→ Exercise
Restate, word for word and with nothing added, the lines from the one containing "Pubblicazioni Trentine 2003" through the last line of the material below.

→ Data extract

%%

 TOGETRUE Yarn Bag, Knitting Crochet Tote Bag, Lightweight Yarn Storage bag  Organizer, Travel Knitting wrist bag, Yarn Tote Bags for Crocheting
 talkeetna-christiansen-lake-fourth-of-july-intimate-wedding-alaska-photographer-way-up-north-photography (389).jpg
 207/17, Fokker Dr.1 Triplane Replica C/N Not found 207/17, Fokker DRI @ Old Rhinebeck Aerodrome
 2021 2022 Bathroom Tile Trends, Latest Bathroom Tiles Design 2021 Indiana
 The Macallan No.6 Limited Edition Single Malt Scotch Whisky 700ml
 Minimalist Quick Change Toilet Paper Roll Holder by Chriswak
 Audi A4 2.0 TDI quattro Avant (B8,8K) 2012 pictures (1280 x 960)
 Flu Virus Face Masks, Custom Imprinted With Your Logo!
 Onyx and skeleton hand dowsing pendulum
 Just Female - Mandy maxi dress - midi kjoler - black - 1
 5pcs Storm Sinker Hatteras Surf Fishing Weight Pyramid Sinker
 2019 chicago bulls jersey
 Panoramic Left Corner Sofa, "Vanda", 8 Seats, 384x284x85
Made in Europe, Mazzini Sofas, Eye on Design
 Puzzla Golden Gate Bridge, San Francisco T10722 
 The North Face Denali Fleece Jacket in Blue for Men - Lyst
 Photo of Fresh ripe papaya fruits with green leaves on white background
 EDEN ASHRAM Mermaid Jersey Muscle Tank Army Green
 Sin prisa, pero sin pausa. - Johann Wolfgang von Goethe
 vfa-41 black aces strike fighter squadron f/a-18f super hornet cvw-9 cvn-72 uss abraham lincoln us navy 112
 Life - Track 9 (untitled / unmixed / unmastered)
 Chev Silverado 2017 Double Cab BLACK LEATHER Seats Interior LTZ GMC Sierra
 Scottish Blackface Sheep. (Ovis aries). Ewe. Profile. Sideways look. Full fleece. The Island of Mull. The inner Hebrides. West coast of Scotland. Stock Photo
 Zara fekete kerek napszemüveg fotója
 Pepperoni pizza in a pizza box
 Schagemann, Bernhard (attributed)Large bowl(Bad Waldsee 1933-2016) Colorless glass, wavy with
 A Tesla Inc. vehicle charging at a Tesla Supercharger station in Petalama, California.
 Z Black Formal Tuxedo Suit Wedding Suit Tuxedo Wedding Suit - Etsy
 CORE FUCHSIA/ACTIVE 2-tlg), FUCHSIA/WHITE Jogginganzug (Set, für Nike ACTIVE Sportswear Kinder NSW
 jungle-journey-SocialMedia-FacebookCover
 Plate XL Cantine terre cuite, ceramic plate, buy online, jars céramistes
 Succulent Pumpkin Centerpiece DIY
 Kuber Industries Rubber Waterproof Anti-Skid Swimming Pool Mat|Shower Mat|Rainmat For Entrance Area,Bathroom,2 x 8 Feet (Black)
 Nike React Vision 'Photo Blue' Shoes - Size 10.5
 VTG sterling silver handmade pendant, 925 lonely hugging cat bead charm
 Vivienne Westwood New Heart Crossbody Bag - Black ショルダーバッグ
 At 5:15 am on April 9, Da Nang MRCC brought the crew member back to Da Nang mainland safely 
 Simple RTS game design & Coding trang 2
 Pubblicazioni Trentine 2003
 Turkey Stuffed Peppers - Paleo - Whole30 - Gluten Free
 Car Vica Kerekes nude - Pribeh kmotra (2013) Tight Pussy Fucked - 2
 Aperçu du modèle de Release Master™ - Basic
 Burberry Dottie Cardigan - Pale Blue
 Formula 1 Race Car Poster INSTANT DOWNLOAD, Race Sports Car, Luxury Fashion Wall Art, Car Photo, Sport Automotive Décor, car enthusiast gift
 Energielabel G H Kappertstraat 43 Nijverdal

%%

→ Exercise answer
 Pubblicazioni Trentine 2003
 Turkey Stuffed Peppers - Paleo - Whole30 - Gluten Free
 Car Vica Kerekes nude - Pribeh kmotra (2013) Tight Pussy Fucked - 2
 Aperçu du modèle de Release Master™ - Basic
 Burberry Dottie Cardigan - Pale Blue
 Formula 1 Race Car Poster INSTANT DOWNLOAD, Race Sports Car, Luxury Fashion Wall Art, Car Photo, Sport Automotive Décor, car enthusiast gift
 Energielabel G H Kappertstraat 43 Nijverdal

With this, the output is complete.